Senator Dianne Feinstein (D-Calif.) introduced a measure that would prevent any suspected terrorist from purchasing firearms or explosives. Only two Republicans voted in favor of the proposal, and only one Democrat contested it. Texas Republican John Cornyn suggested a more lax alternative that would enforce delays of three days or longer on gun sales if a judge “ruled during that time that there is probable cause to deny the firearm outright.” This proposal also did not procure the necessary votes.
The legislation Murphy and his co-writers introduced would have require background checks for everyone seeking to purchase a firearm, whether at a store, a gun show, or online. It was rejected, 44 to 56.

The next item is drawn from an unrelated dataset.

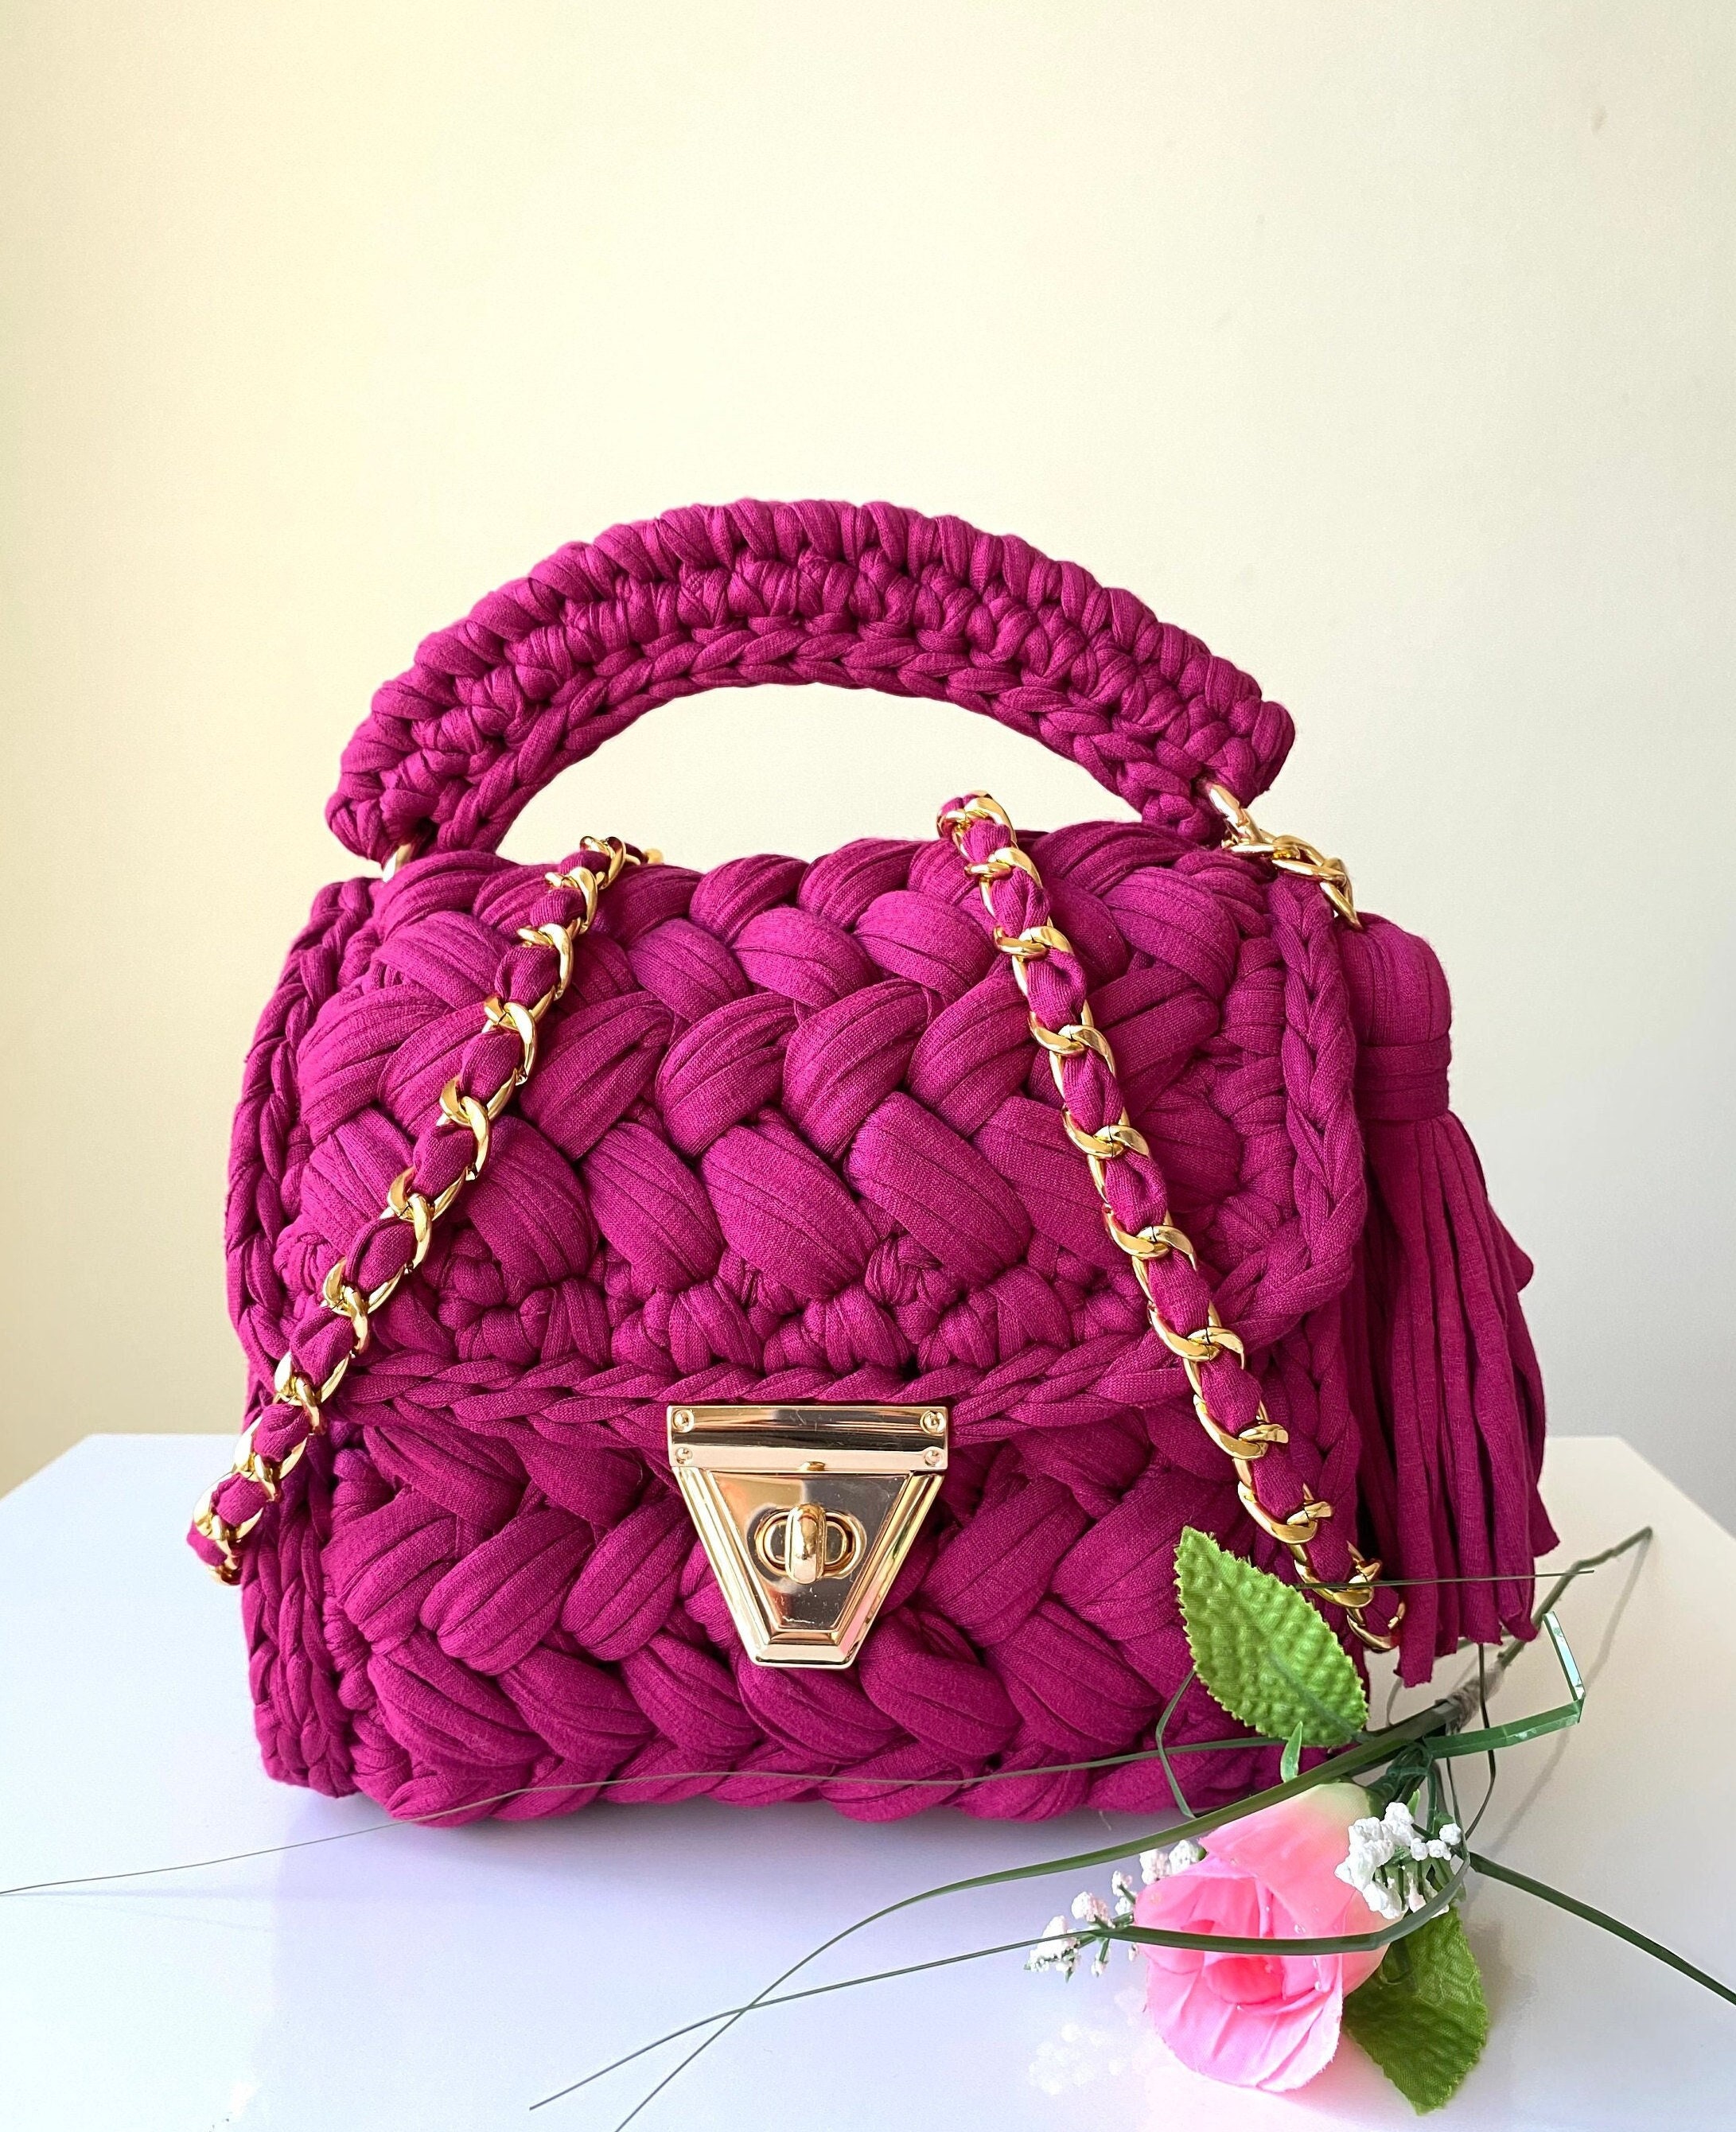 Hand Woven Bag/Handmade Bag/Crochet Bag/Knitted Bag/Hand Knitted Bag/Luxury Bag/Womens Bag/Designer Bag/Black Bag/Shoulder Bag

Also rejected was a proposal from Senator Charles Grassley (R-Iowa) to maintain current background check protocol, but to increase government funding for them. Although most Republicans voted in favor of the measure, Democrats argued that it would enable those committed involuntarily to psychiatric institutions to purchase firearms after their release.
The Obama administration voiced its support Monday of the proposals brought forward by Feinstein and by Murphy-Booker-Schumer. Later that evening, Democratic presidential nominee Hillary Clinton tweeted the names of the Orlando shooting victims in evident condemnation of the voting results.
The United States Senate last voted on intensified gun control measures in December 2015, after the mass shooting in San Bernardino, California by Islamic State sympathizers. All proposals—earlier versions of the ones brought forth today—were rejected.